La clave de la interpretación radica en lo que la imagen sostiene en su mano derecha, un haz de espigas, un claro símbolo en el mundo romano de su futura fertilidad como esposa y madre. Resulta curioso comprobar el artículo que Wikipedia le dedica al “El Togado de Pompelo“: con tal de atribuirle carácter masculino a la figura, algunos especialistas han sido capaces incluso de negar que las espigas sean espigas y considerarlas un artilugio raro, ligado por supuesto a la masculinidad. ¿Quién si no un hombre habría merecido tanto esfuerzo y dinero como para que le costeasen una escultura de bronce?
La historia de los hallazgos arqueológicos está llena de malentendidos como este, interpretaciones erróneas sobre el sexo de infinidad de personas del pasado sepultadas en tumbas y representadas en relieves, pinturas y esculturas, o sobre la finalidad de determinados objetos. La arqueología nació como disciplina académica en el siglo XIX, un tiempo en el que no se concebía que las mujeres pudiesen tener ningún papel protagonista en la vida, más allá del de parir hijos y cuidar de la familia. Ese prejuicio ha hecho que, durante muchísimas décadas, buena parte de los arqueólogos hayan leído el pasado como si fuesen tuertos: solo disponían de un ojo para mirar a la mitad de la humanidad, los varones. El otro ojo, el que debía contemplar a las mujeres, a las niñas y niños e incluso a los ancianos y enfermos, ha permanecido cerrado hasta tiempos muy recientes.

Un caso muy citado es el de la Dama de Baza: en 1971, se encontró cerca de la ciudad granadina de Baza una tumba íbera. En ella apareció una extraordinaria escultura de una mujer sentada en un sillón, que contenía restos cremados de la persona enterrada. A su alrededor se hallaron diversas armas de combate. La interpretación fue la evidente según el relato androcéntrico: puesto que había espadas y cuchillos, se trataba de la tumba de un guerrero, y la magnífica figura que le acompañaba podría ser una divinidad protectora o algo semejante. Sin embargo, los análisis recientes de los restos cremados han demostrado que se trataba de una mujer, seguramente la misma representada en la escultura, tal vez una guerrera importante o, más probablemente, una señora que gozó de poder y prestigio social. Porque resulta que también las hubo, aunque muchos quisieran olvidarse de ellas.

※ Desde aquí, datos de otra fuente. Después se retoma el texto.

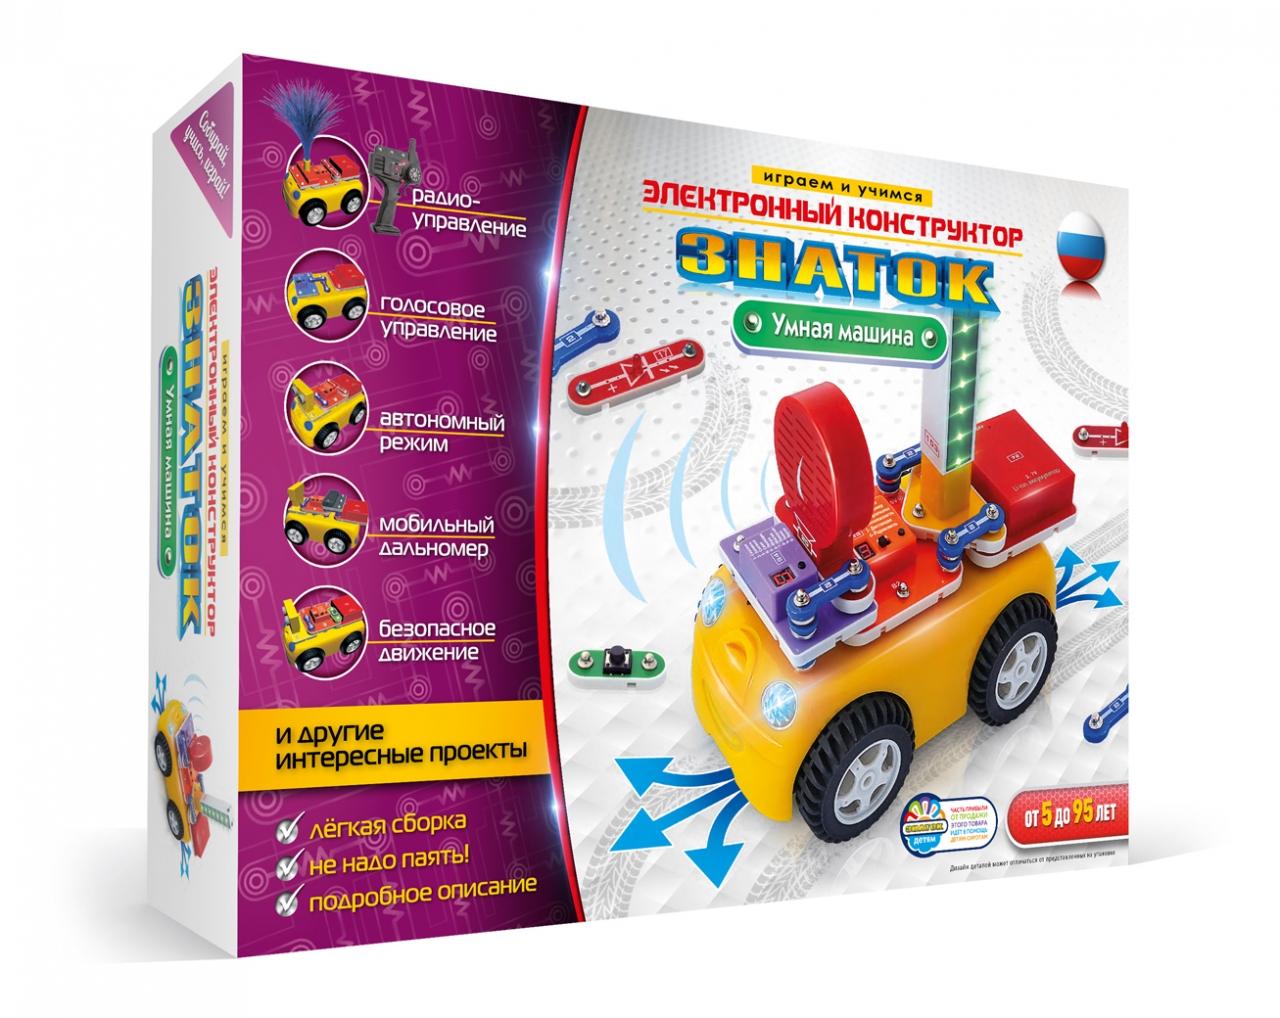 Купить Конструктор ЗНАТОК ZP-70691 Умная машина, Знаток, Пластик, металл, Для мальчиков и девочек, Китай, Конструкторы

Puede que la más escandalosa de estas interpretaciones patriarcales sea la de las Venus prehistóricas, toda una serie de pequeñas figuras de mujeres con formas muy voluminosas que se han ido encontrando en diversos lugares de Europa. Proceden del Paleolítico y se quisieron entender, desde el primer hallazgo a finales del XIX, como representaciones de la “mujer ideal” —la Venus— realizadas por los hombretones del origen de los tiempos. Incluso hubo quien llegó afirmar que podrían ser las “imágenes porno” que los cazadores se llevarían para autocomplacerse durante sus largas expediciones lejos de casa… La mirada de las prehistoriadoras de las últimas décadas ha cuestionado firmemente esta visión, preguntándose si no serían, tal vez, amuletos para el parto tallados quizá por las propias mujeres. Pura lógica, desde luego.

A día de hoy conocemos muchos de estos malentendidos, pero seguramente hay infinitamente más esperando a ser localizados en los museos y los yacimientos. La cosa da un poco de risa, pero es triste si pensamos en lo que se esconde detrás, la equivocada convicción de que todo lo importante que ha ocurrido en el mundo fue siempre protagonizado por el sexo masculino, mientras las mujeres permanecían eternamente ocultas en las sombras. De momento, y a la espera de más hallazgos, bienvenida sea de vuelta a casa la Togada de Pompelo.